When my son was 1, my feet slipped out from under me while I was carrying him down concrete steps. I went to a chiro, had xrays, was told I'd compressed my lower back, had some adjustments & was released. A couple of years later, I would be walking/swimming & my back & hips locked up, I couldn't move for several minutes - very painful. I didn't think about my fall.
A couple years later, seeing a new dr., being treated for depression & pain. One day, my dr had just returned from a seminar about FMS & other muscular diseases. He quickly diagnosed me with FMS & was confirmed by 3 rheumatologists. Later he added the diagnoses of MPS and CFS (now CFIDS), explaining the differences. I didn't respond to medication. He moved & I started seeing a new dr.
My dr. sent me to PT. At first it helped, but then the pain increased. I demanded tests. Xrays & MRIs were done of my hips & I was told I have "sloppy hips" - easily put out of joint. PT didn't help, so I quit. The back pain & muscle pain got worse. I demanded a xray of my back, was told I have arthritis, bulging disc & bone spurs, but not given any treatment - "deal with it." My dr. then sent me to a pain clinic in conjunction with PT. The paing clinic gave me shots, then I went directly to PT. The therapists were stunned - everywhere I received a shot, I had a huge knot & they couldn't work it out. Turns out the shots had lidocaine - I'm allergic to it. The pain increased with the shots/PT, so I quit.
I've seen my dr. several times when the FMS has been severe - severe pain at any touch, skin feeling like it was being burned when touched, etc. She has tried every med & shot possible with no help. Just over a week ago, I saw her again. I pointed out that I know some of the pain is FMS, some from the back injury, but I think there is something more here. But she just focused on the FMS & gave me savella. I can't say I've seen any improvement yet.
FMS is a muscle disease.

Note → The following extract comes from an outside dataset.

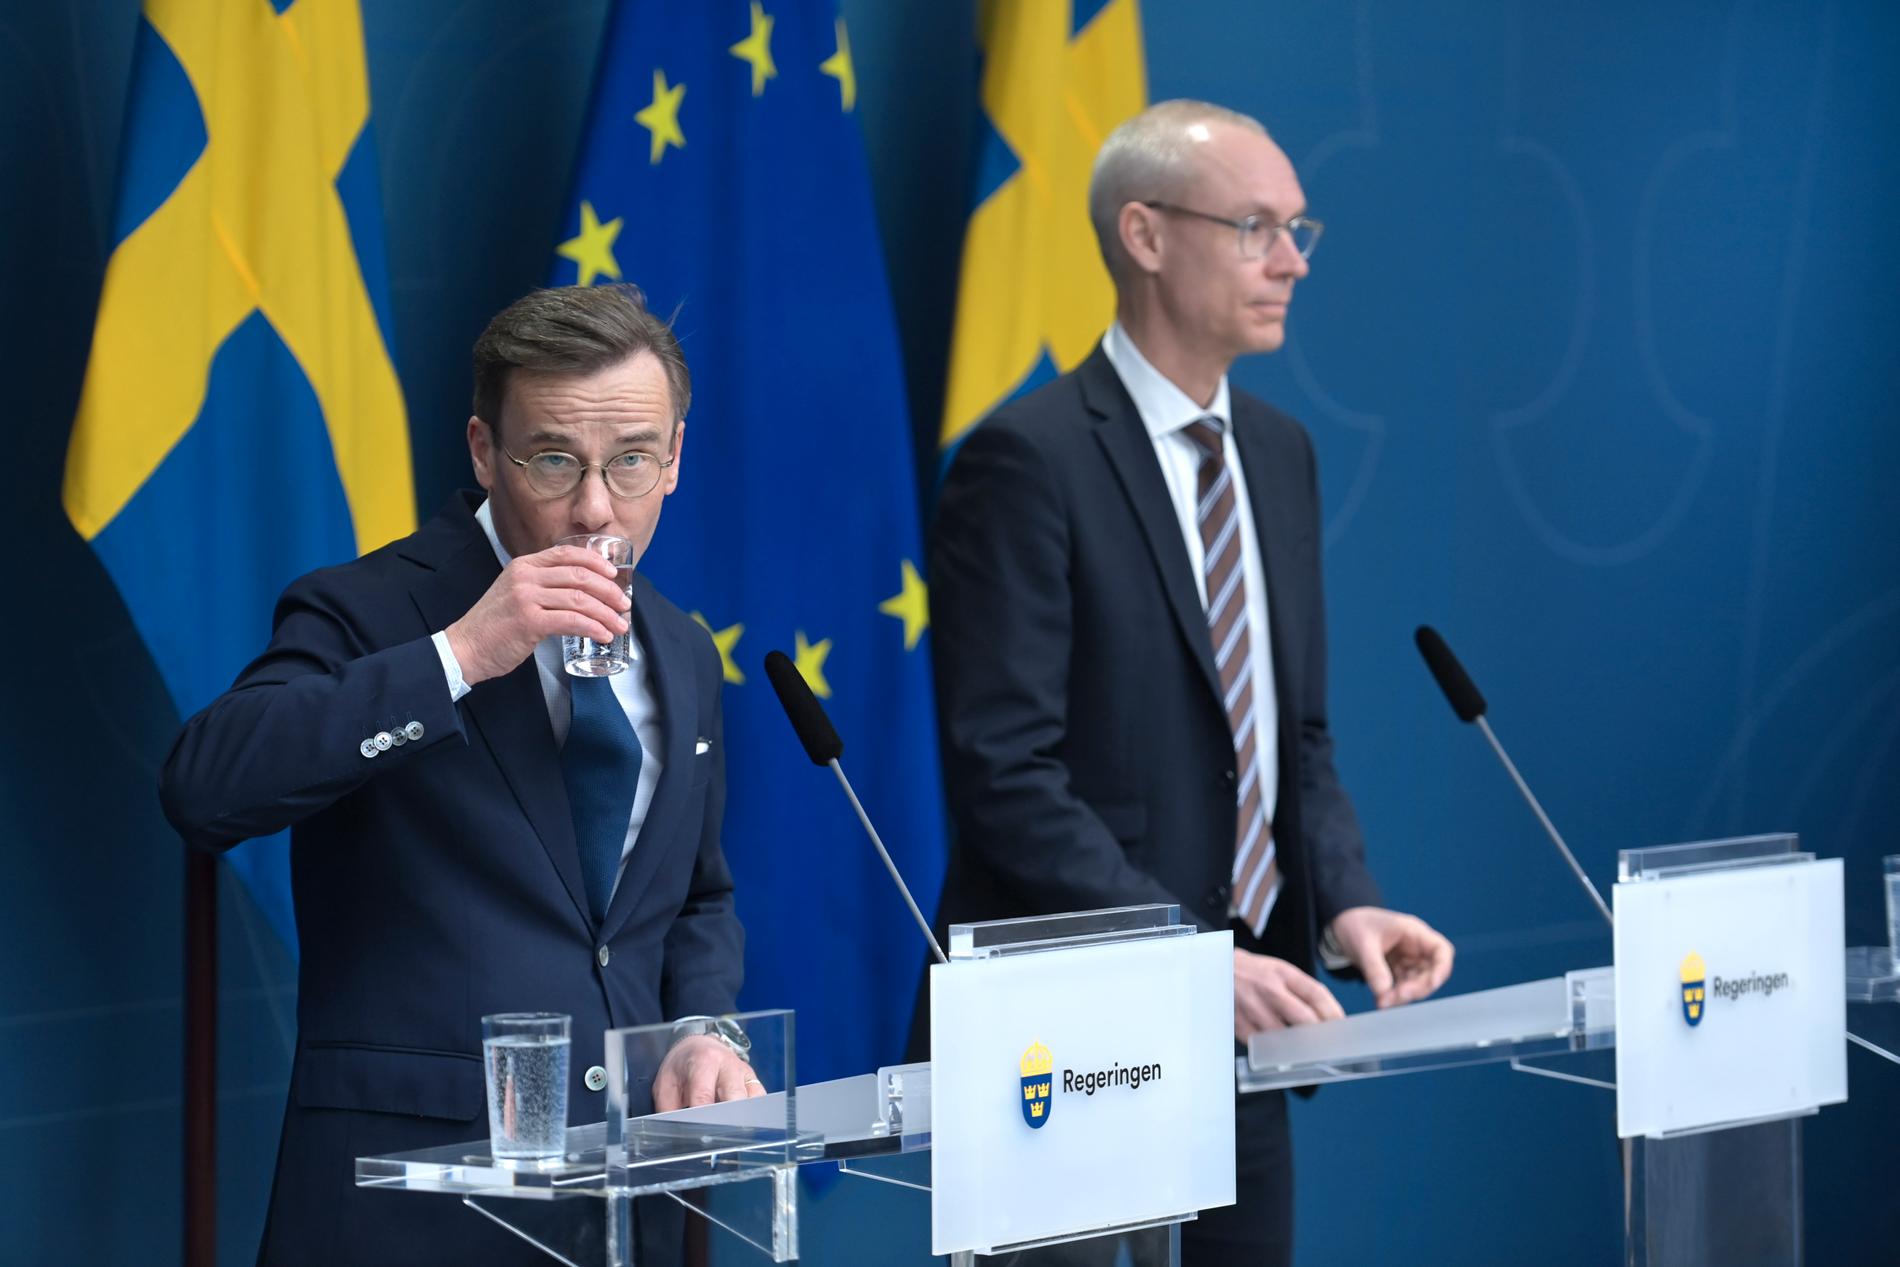 Statsminister Ulf Kristersson och Oscar Stenström, ambassadör i Statsrådsberedningen och chefsförhandlare i Natoprocessen, under pressträffen.

But I am having severe pain in all my joints. Wouldn't that be caused by something else? How do I get my dr. to look into something else?
I try to stay active. I'm up & down all the time because when I get up to do something, I can only be on my feet for a few minutes & then have to sit down. I have a few hobbies & my cats to try to focus on other things. I've done everything I can think of to deal with this. Am I dealing with more than the muscle diseases & back injury?